‘There’s a tiny bit more, if anyone would care to . . .’

For they were good judges, the shred-monitors, good but not perfect. They always felt they must keep a tiny portion in reserve, in case they had bungled it and the last hungry girl should be short-changed. And there it lay on its platter, and no one could bring herself to speak; for these girls, collectively voracious, were individually all of my opinion, and would rather starve than speak. I used to think, what if, what if a shred-monitor said, Right then, no takers? What if she picked up in her fingers the white sauce or gravy-dripping fragment, and tossed back her head like a sea-lion, and crammed it into her open mouth?

The platters would be returned to the kitchen, each with a slice of flesh remaining. No doubt they noticed this, our rulers, and convinced themselves that we were adequately fed; that we were satisfied, more than satisfied. Why else return to the kitchen food untouched?

A month passed. Our new lives had properly begun. My file of lecture notes mounted, quarter-inch by quarter-inch, but I took time off to walk. I walked along the Strand and up Fleet Street and on to the City, I walked through the royal parks and up to Camden Town and Hampstead and saw Hampstead Heath. I trekked through Whitehall and Millbank, noting the monuments and learning the views. I tramped through museums and art galleries – anything that was free. Julianne haunted the cinemas with her friends, and the union bar, and the pubs on Tottenham Court Road, and she would speak quite casually of things she had eaten, of by-the-way omelettes and hamburgers, which were a natural part of her evenings out.

I was happy, in those early weeks. There were times when I felt holy, lucky, selected. At Tonbridge Hall there was order and warmth, so I did not care if there were regulations too. My tutors spoke to me with respect, as if I were a sentient and sensitive being; this was a relief after the routine sarcasms of nuns. I felt like a feather-light duchess, skimming down Drury Lane in the mornings; but there was an insistent migraine pain behind my left eye, which pricked at my sensibilities, made me clever and sharp, but which left me shaking sometimes, uncertain in the traffic, unsure of the parameters of my own body. That winter was mild, and so I wore my pale shower-proof until Bonfire Night, and after that a duffel coat which had been donated to me before I left home by a distant cousin. Sometimes, extracting coins from my purse, I travelled on the tube late at night, going God knows where: Arsenal, Angel, Kentish Town. Later I would have to make up for my time off by sitting under the lamp at the desk I had reserved for myself, writing very fast in black ink.

Julianne stayed out all night, every second day. The ponderous front doors of Tonbridge Hall were locked at eleven, and if you wanted to come in after that you had to apply to the warden for what was called a ‘late key’. The warden would hear you out, weigh your application, record your destination in a large bound volume which she kept on her desk. But if you were prepared to go out and stay out, who was to know?

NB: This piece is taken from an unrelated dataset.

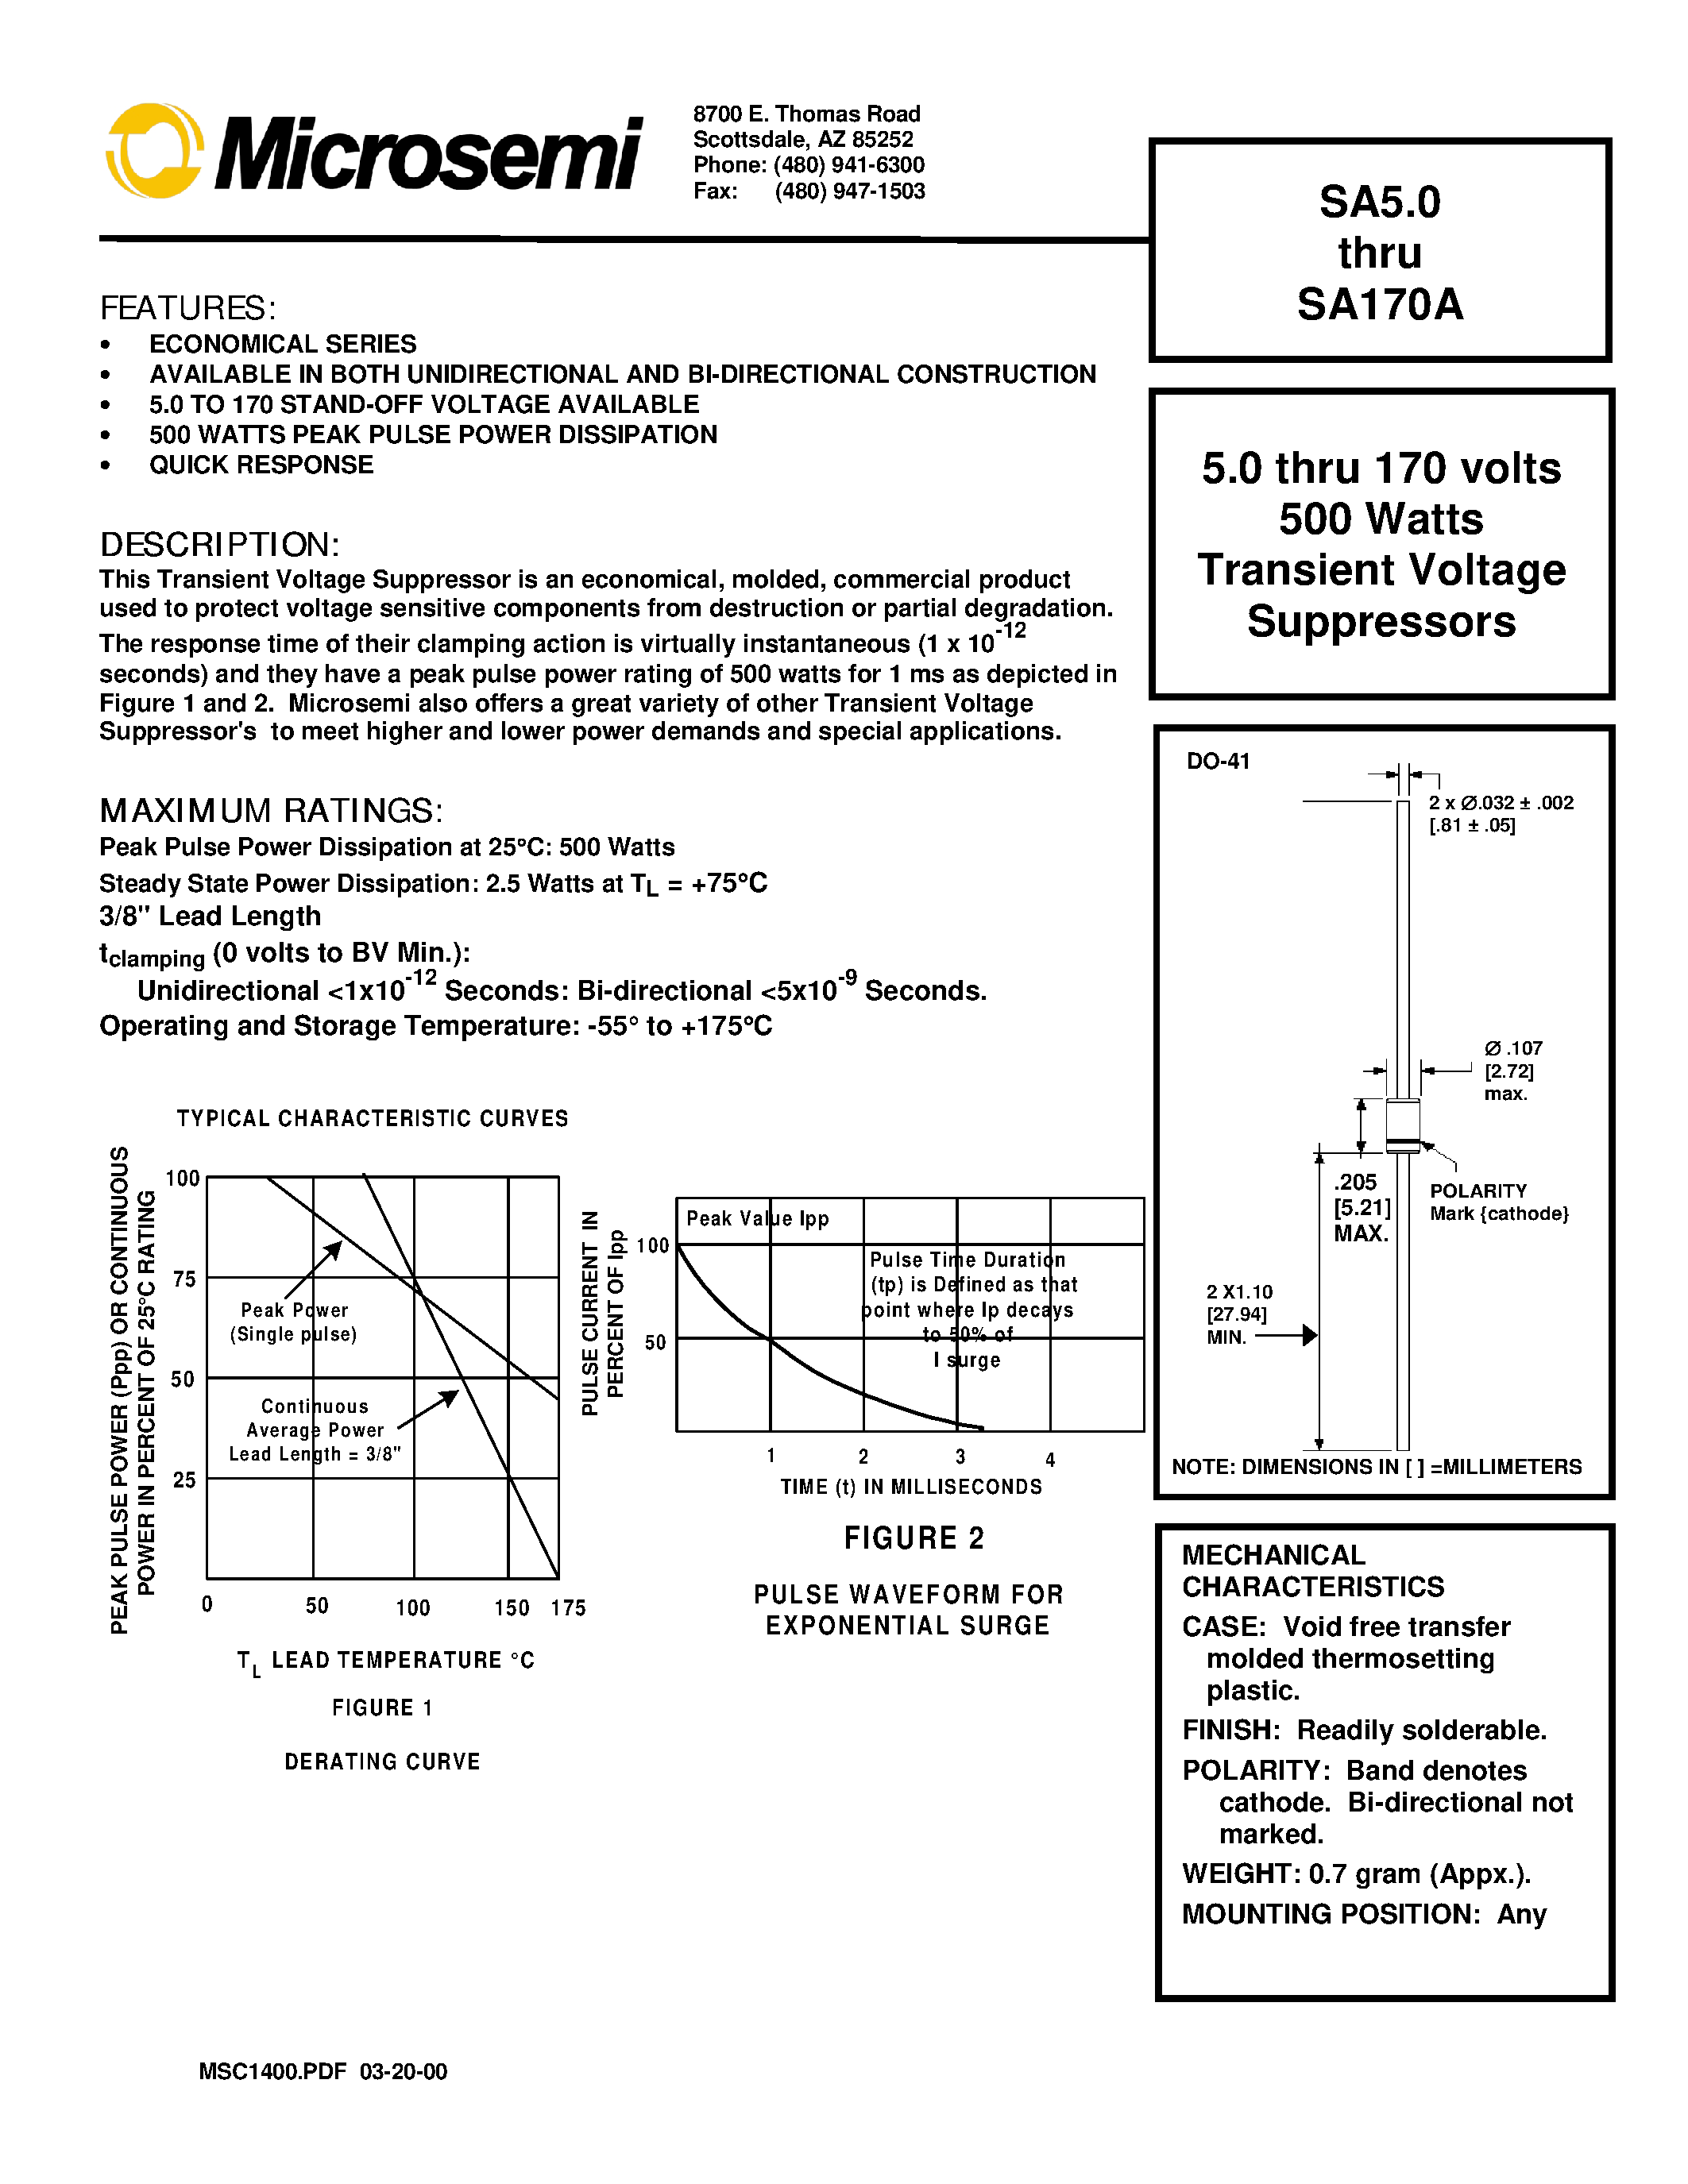 Datasheet SA20 - 5.0 thru 170 volts 500 Watts Transient Voltage Suppressors page 1

On the other day – Julianne’s day in – she would go to bed at nine. She fell asleep easily, though my desk lamp burnt far into the night. When she turned she flounced in the bed, making the springs creak and half-waking herself, so that she would mutter a few words and turn again and throw out a bare white arm, to scoop against her breasts a torso of empty air. And I would lean back in my chair, resentful chin on the point of my shoulder, watching her; this easy sleep, I couldn’t learn it, I hardly knew if it was becoming. Sleep-starve is best, I said to myself; think of the hours of the night, just the same in quality as the hours of the day, and so many of them, and so much to be done.

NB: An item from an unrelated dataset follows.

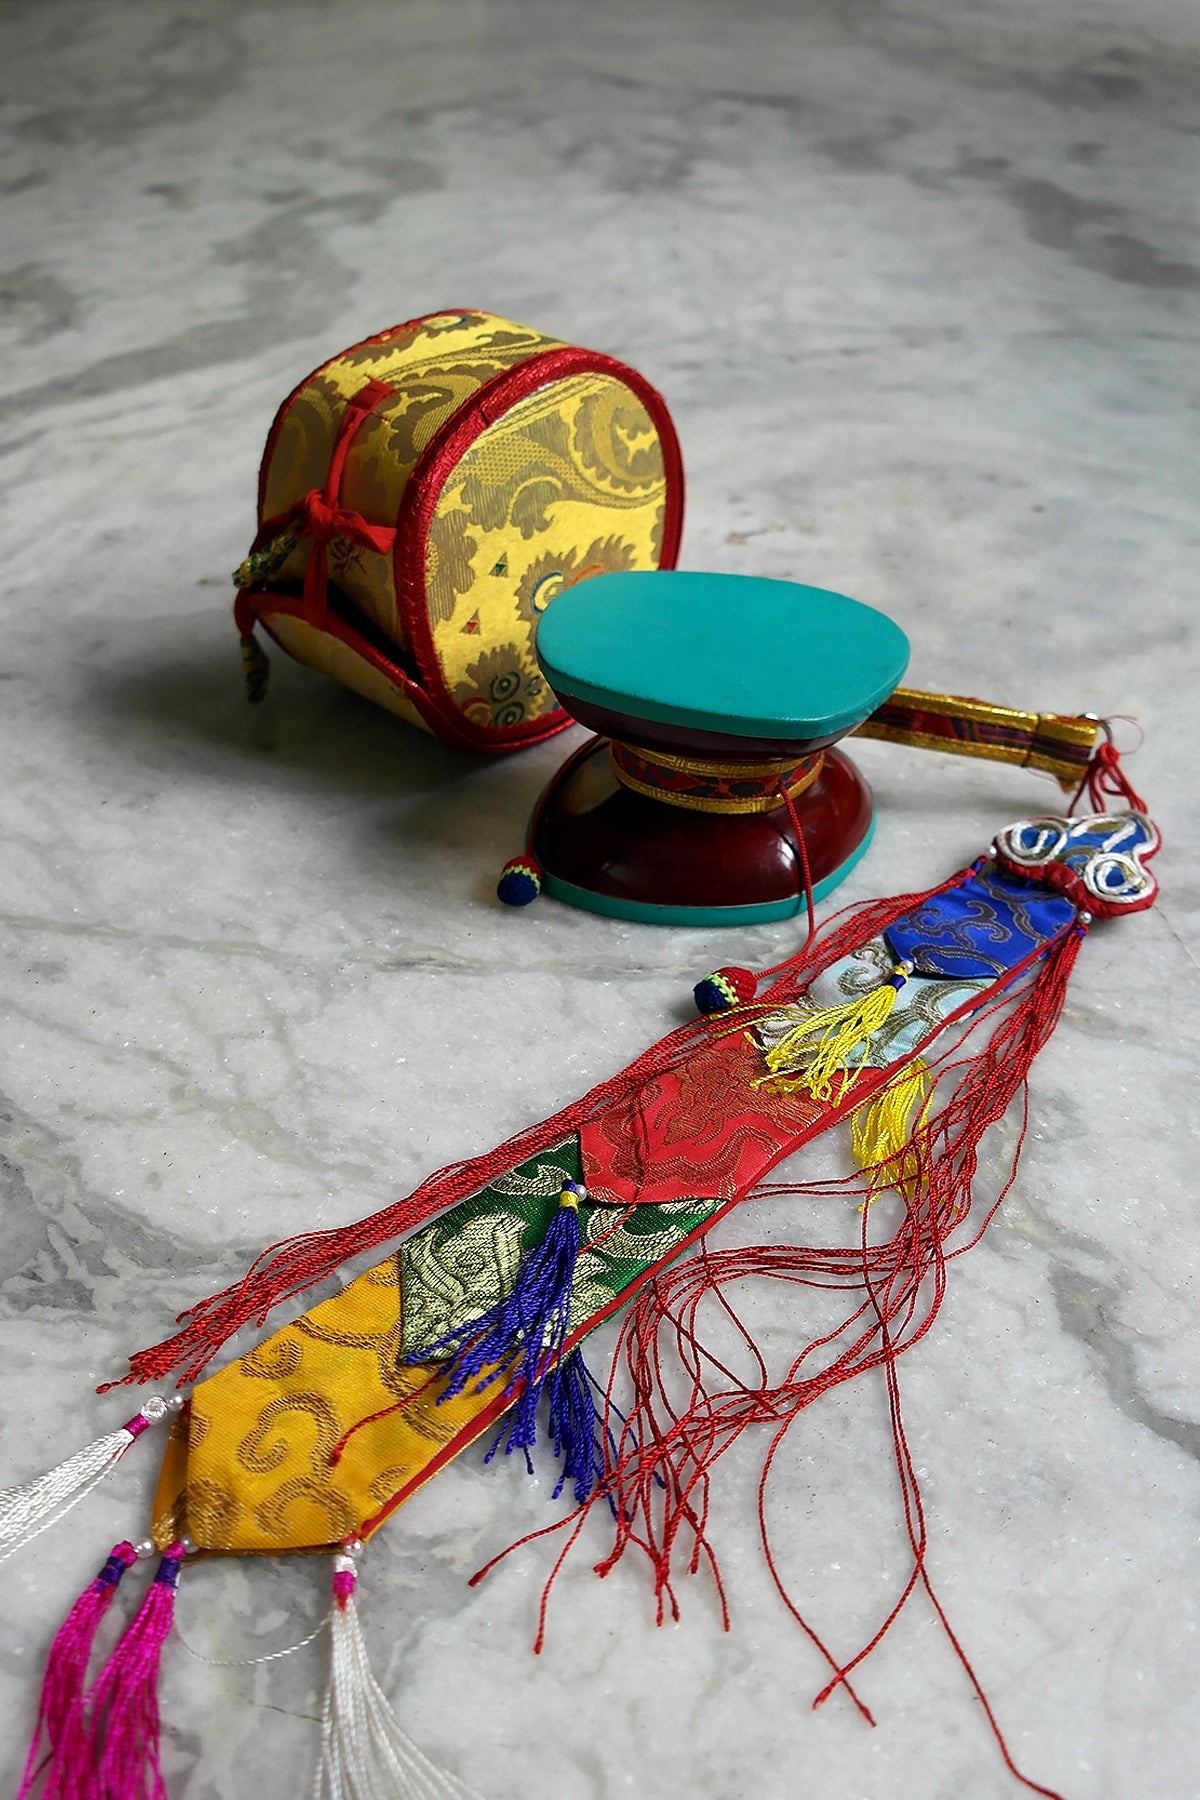 Handmade Buddhist Ritual Wooden Chod Drum

In the mornings, Julianne turned over again, as if drugged, delirious, dreaming; it was hard to pull herself to the surface of the day. Sometimes when her travelling clock began its tinny drumming she would pluck it from her bedside table and hurl it towards me; heart fluttering under the single blanket, I would claw for it and clutch it and make the bell stop; smiling a dazed smile, Julianne would tumble back into sleep; myself out at eight, feet on the striped mat, then down the stairs, rubber toast, Sophies, the winter roads. In Houghton Street someone would always say hello, and already there was a seat in the library I could think of as mine. I tore into the work set for me, I rent it and devoured it and I ate it all up every scrap. And still these lines of verse ran through my head, as if I had a brain disease, some epilepsy-variant, some repeating blip in my cells:

I step into my heart and there I meet

A god-almighty devil singing small,

Who would like to shout and whistle in the street,

And squelch the passers flat against the wall;

If the whole world was a cake he had the power to take,

He would take it, ask for more, and eat it all.

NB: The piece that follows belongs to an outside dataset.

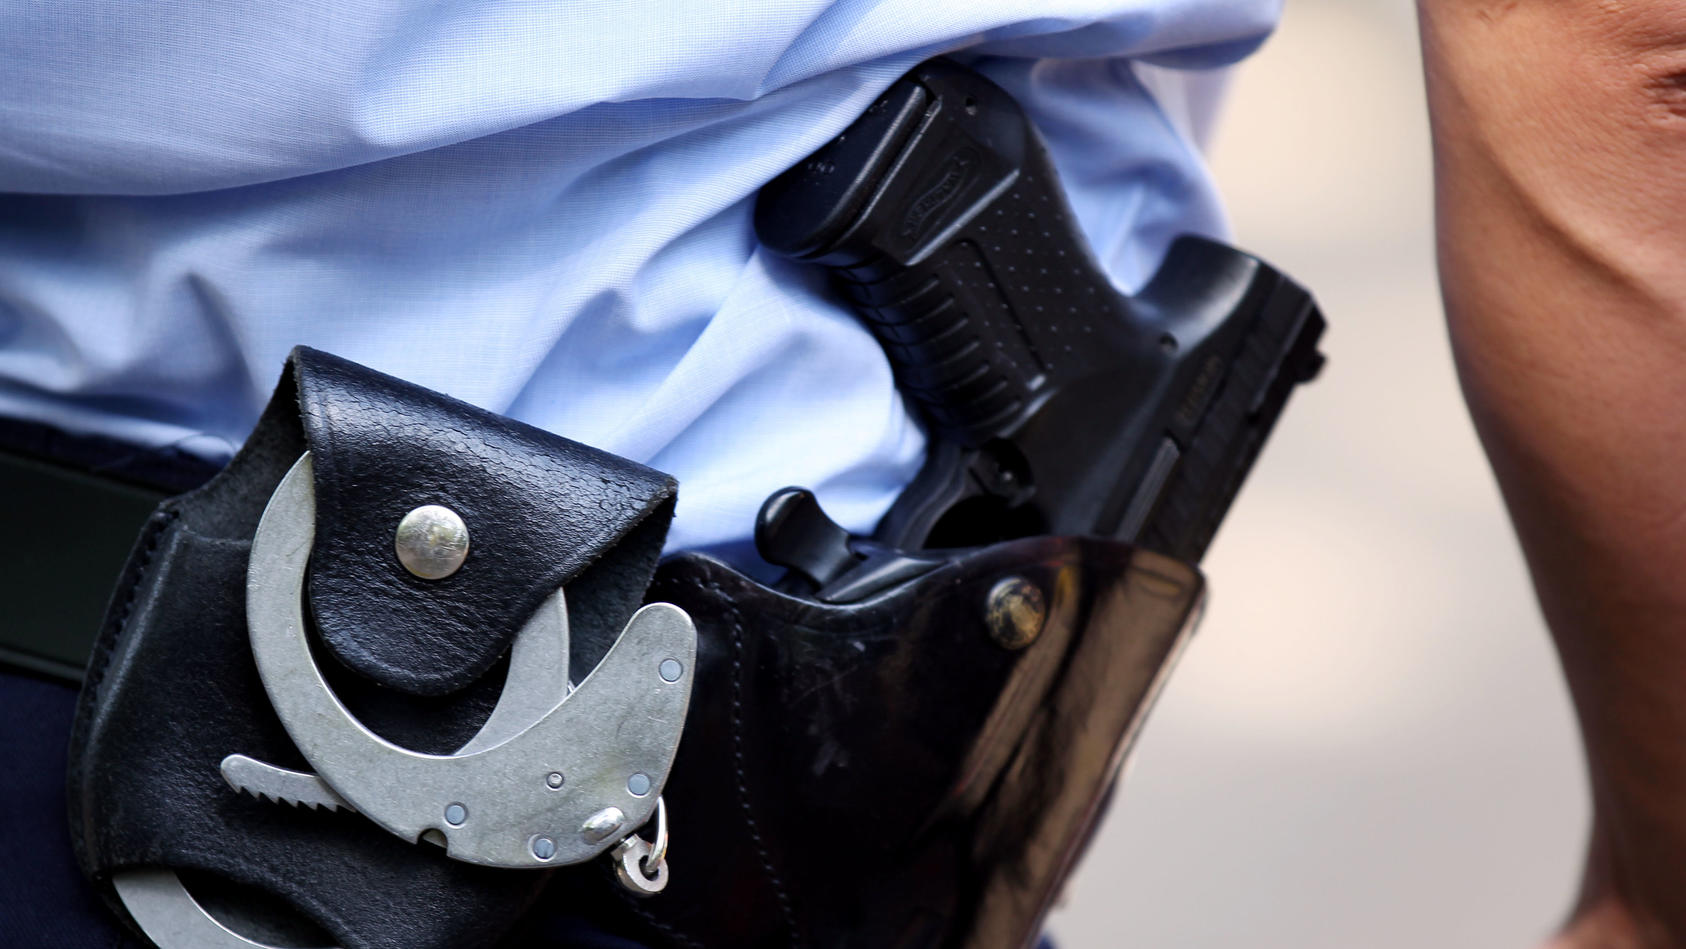 ARCHIV - 28.06.2011, Nordrhein-Westfalen, Köln: Ein Polizist trägt Handschellen und seine Dienstwaffe bei sich. Im Jahr 2022 sind in Sachsen zwei Menschen nach Schüssen aus Polizeiwaffen ums Leben gekommen. (zu dpa «Zwei Menschen 2022 nach Schusswaff

One morning in the autumn, when I was eight, I went on to Curzon Street and there wasn’t Karina: not stumping towards me as usual. Hopefully, I bawled back into the house: ‘Hey, Mum, Karina’s not here.’

I hoped my mother would say, ‘You go on your own, you mustn’t be late.’

This damage to routine might free me from Karina, I thought; it would break up the pattern.

My mother shouted back, ‘Go and call for her.’

‘At her house?’

My mother appeared. ‘Yes, just knock on the door.’

‘She might be poorly.’

‘Well, go and see.’

‘They might all be asleep.’

‘I shouldn’t think so.’

‘They might have flitted.’

‘What? Moved house? Don’t be silly,’ my mother said.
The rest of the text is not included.